うろたどな

"These fragments I have shored against my ruins."

Noと言える言語、Noと言えない夢(スタイナー、フロイト)

"After Babel argues that it is the constructive powers of language to conceptualize the world which have been crucial to man's survival in the face of ineluctable biological constraints...It is the miraculous...capacity of grammars to generate counter-factuals, 'if'-propositions and above all, future tenses, which have empowered our species to hope, to reach far beyond the extinction of the individual." (George Steiner. After Babel.)

"We endure, we endure creatively due to our imperative ability to say 'No' to reality, to build fictions of alterity, of dreamt or willed or awaited 'otherness' for our consciousness to inhabit. It is this precise sense that the utopian and the messianic are figures of syntax." (ibid.)

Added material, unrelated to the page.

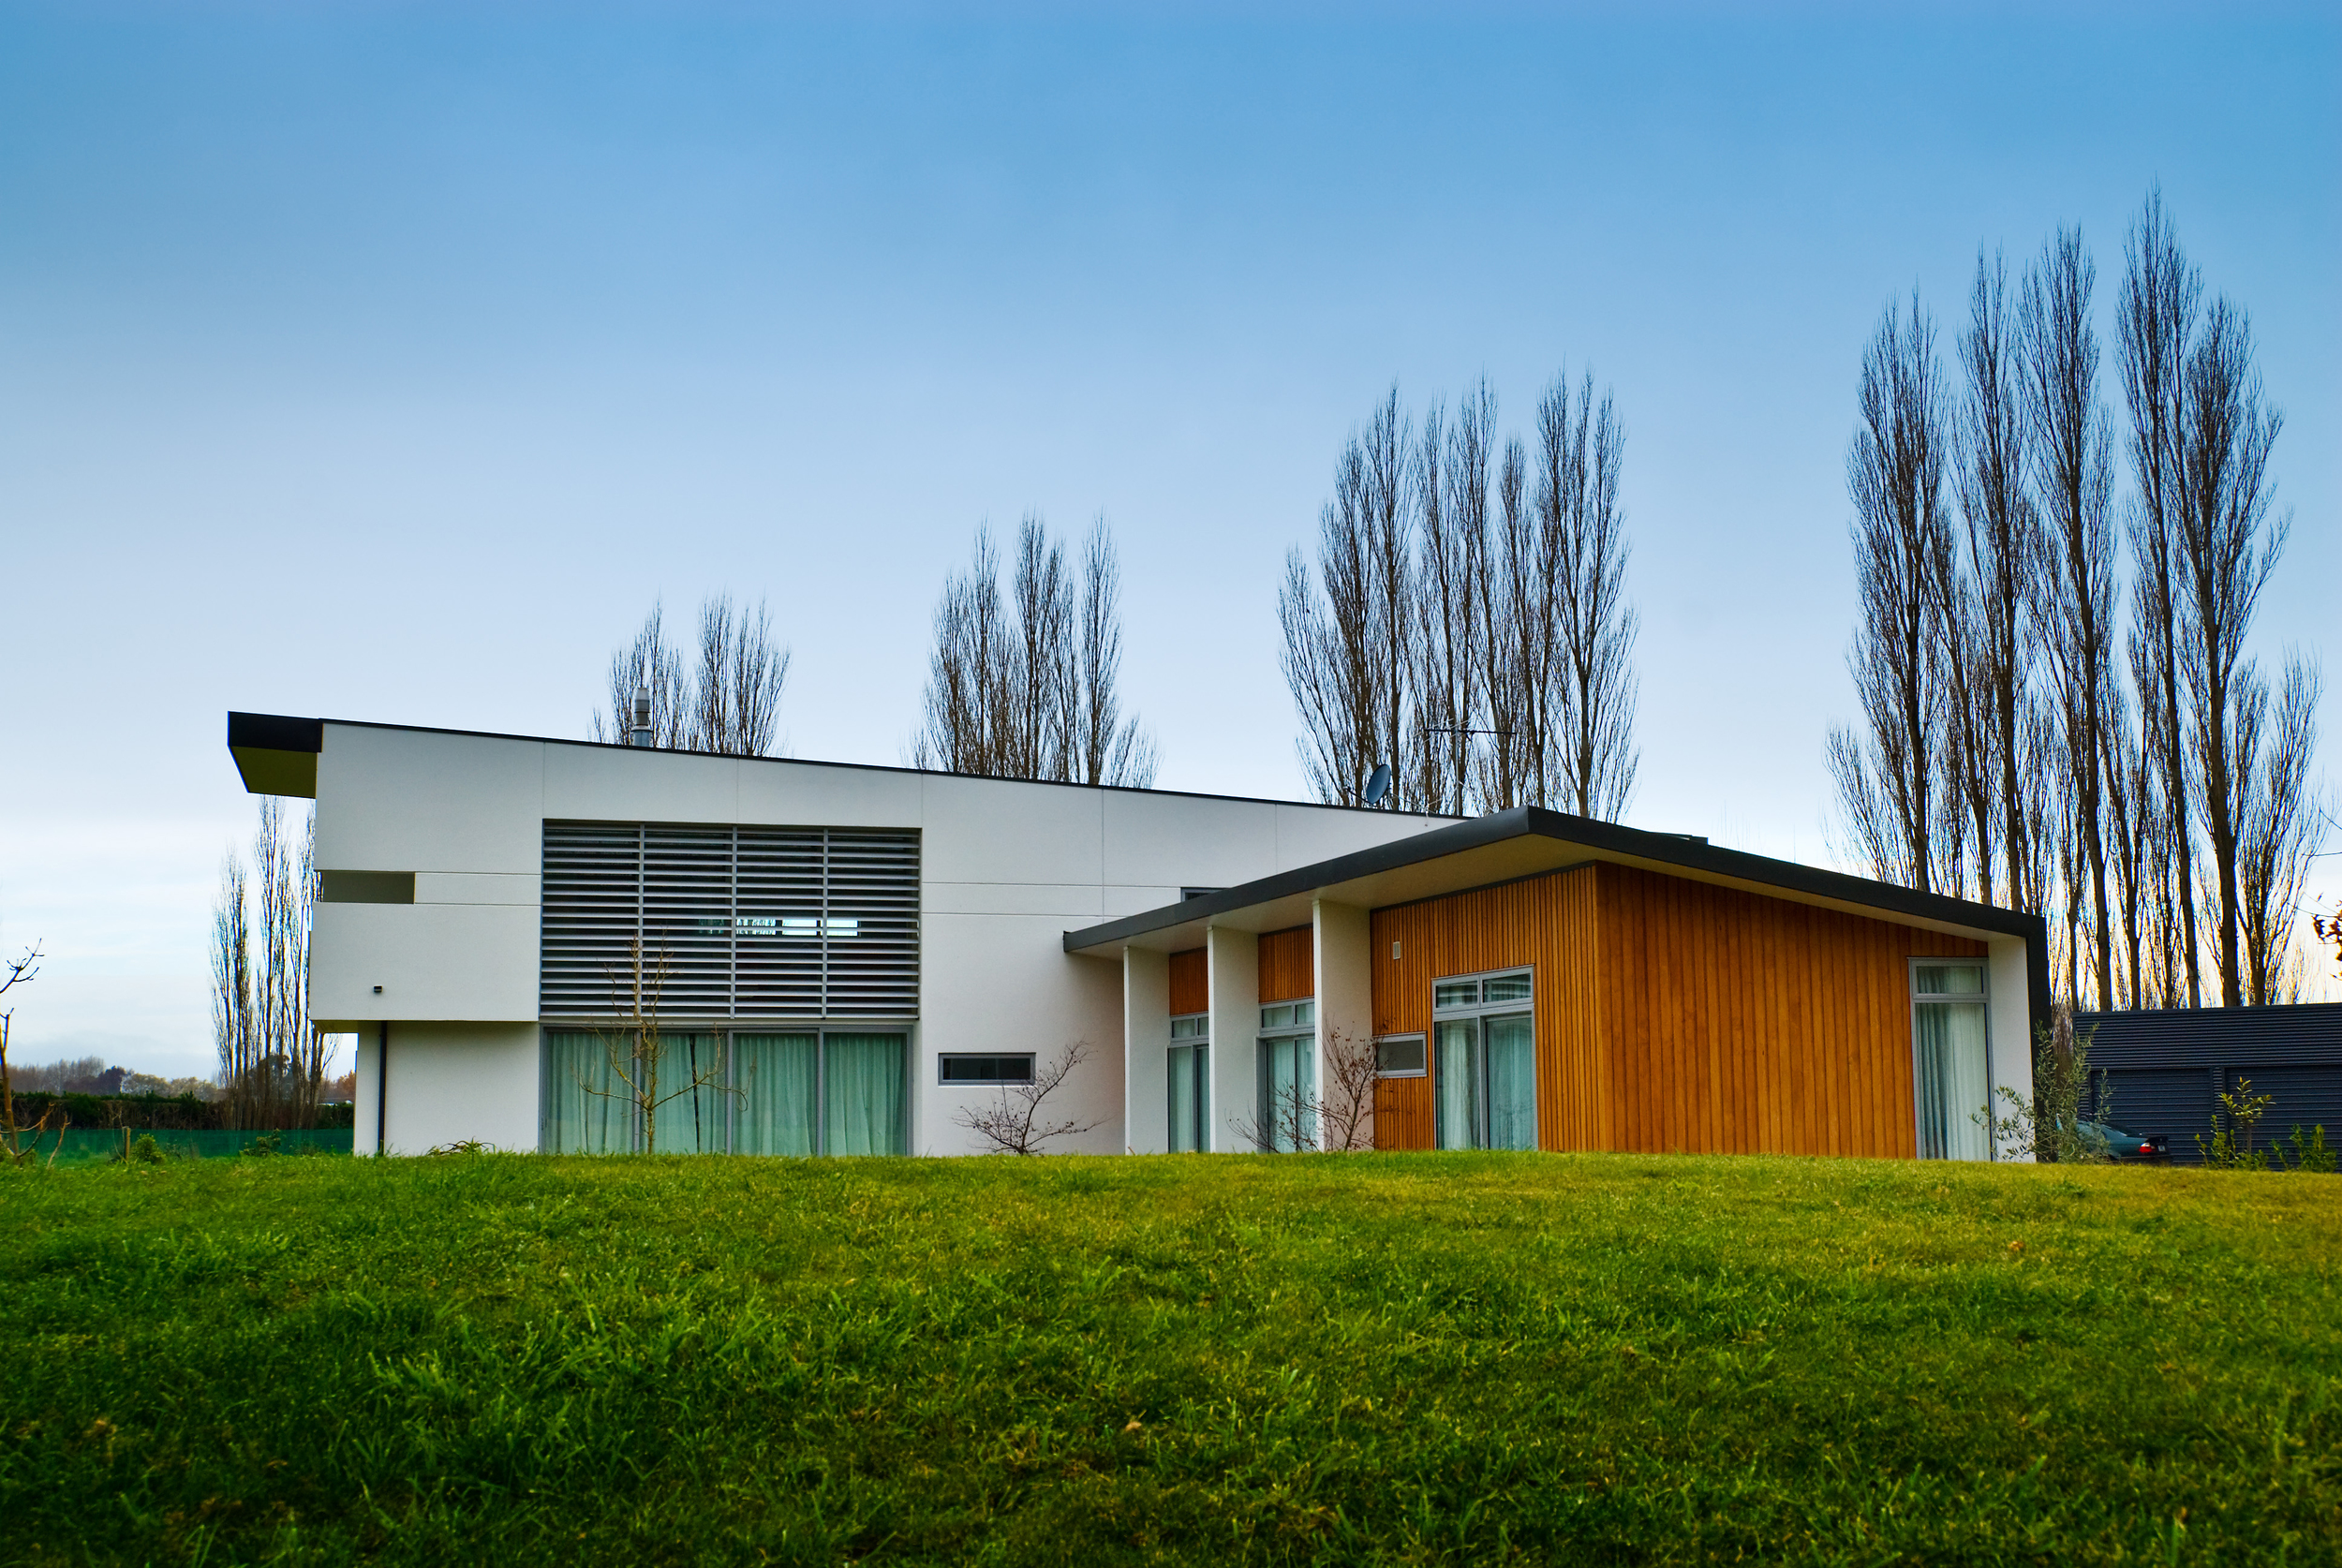 090614_Stufkens_Architecture_Lin_McCaughan_004_exterior EDITED.jpg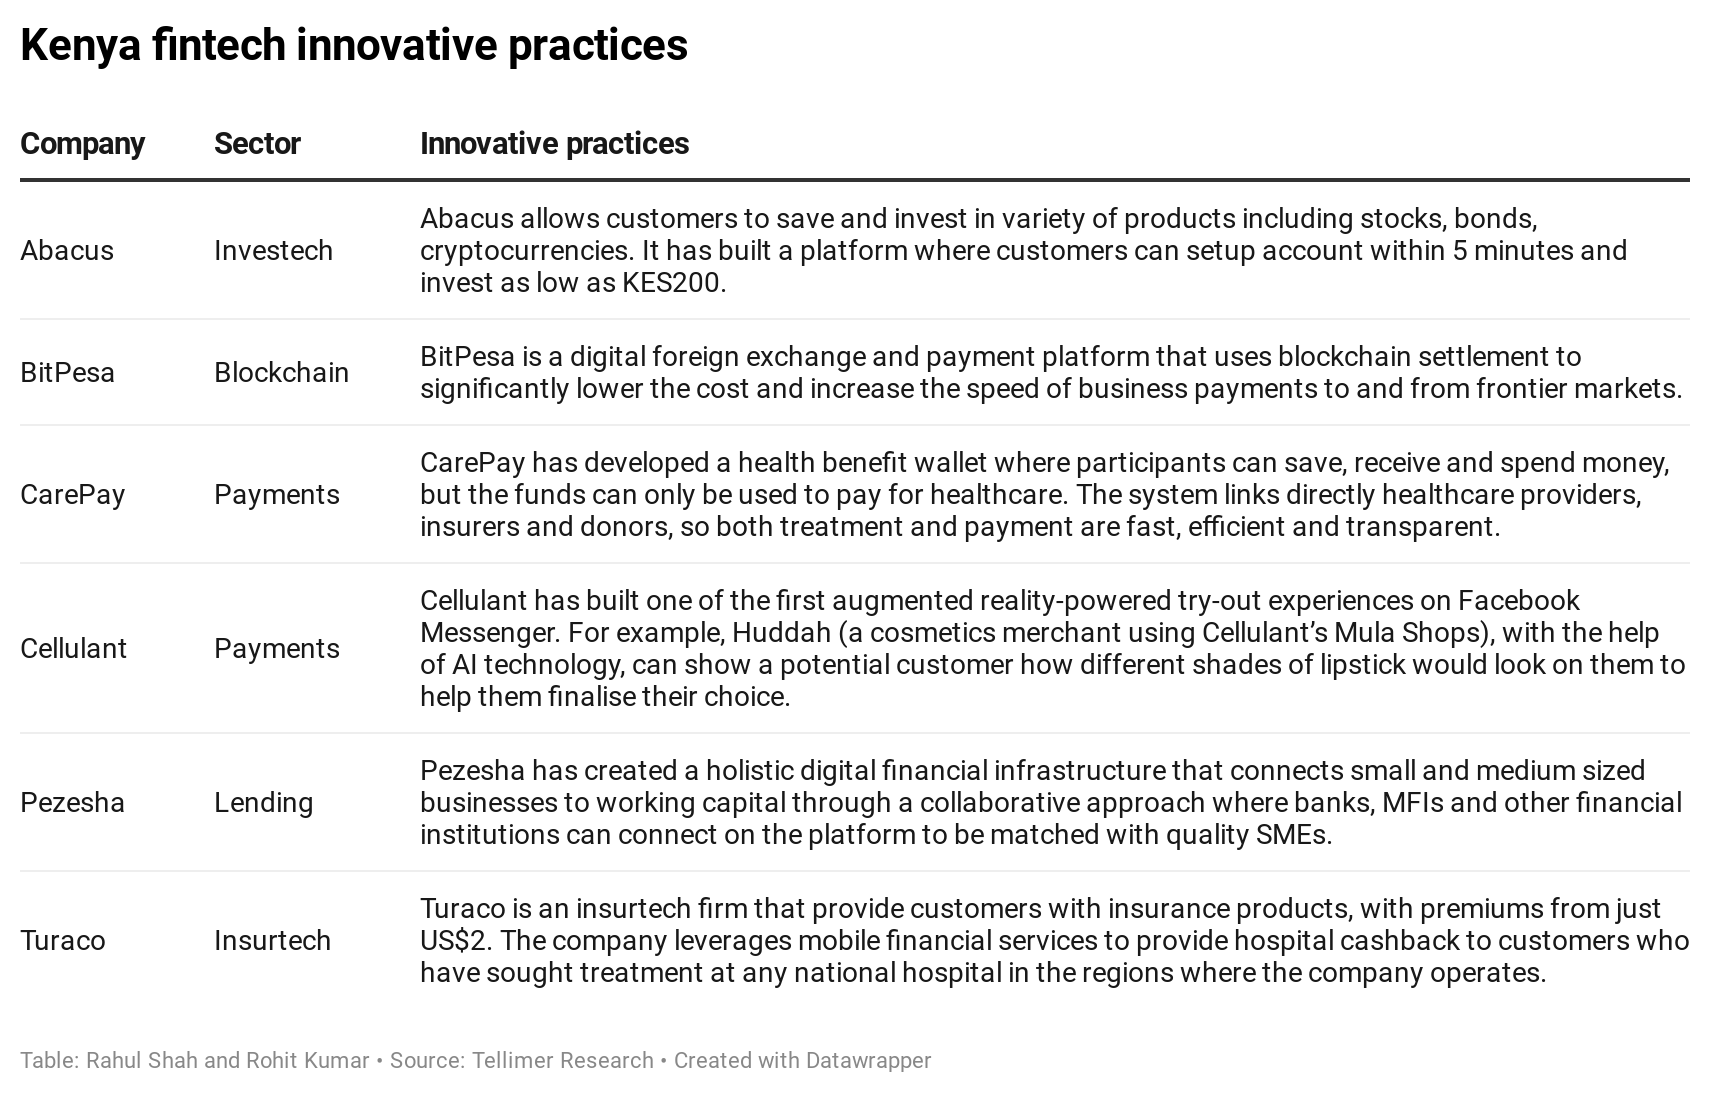 Kenya fintech innovative practices

These words present a curious contrast with Freud's view of dream's inability of saying "No": "The dream has a very striking way of dealing with the category of _opposites_ and _contradictions_. This is simply disregarded. To the dream 'No' does not seem to exist. In particular, it prefers to draw opposites together into a unity or to represent them as one. Indeed, it also takes the liberty of representing some random element by its wished-for opposite, so that at first one cannot tell which of the possible poles is meant positively or negatively in the dream-thoughts." (Sigmund Freud. The Interpretation of Dreams.)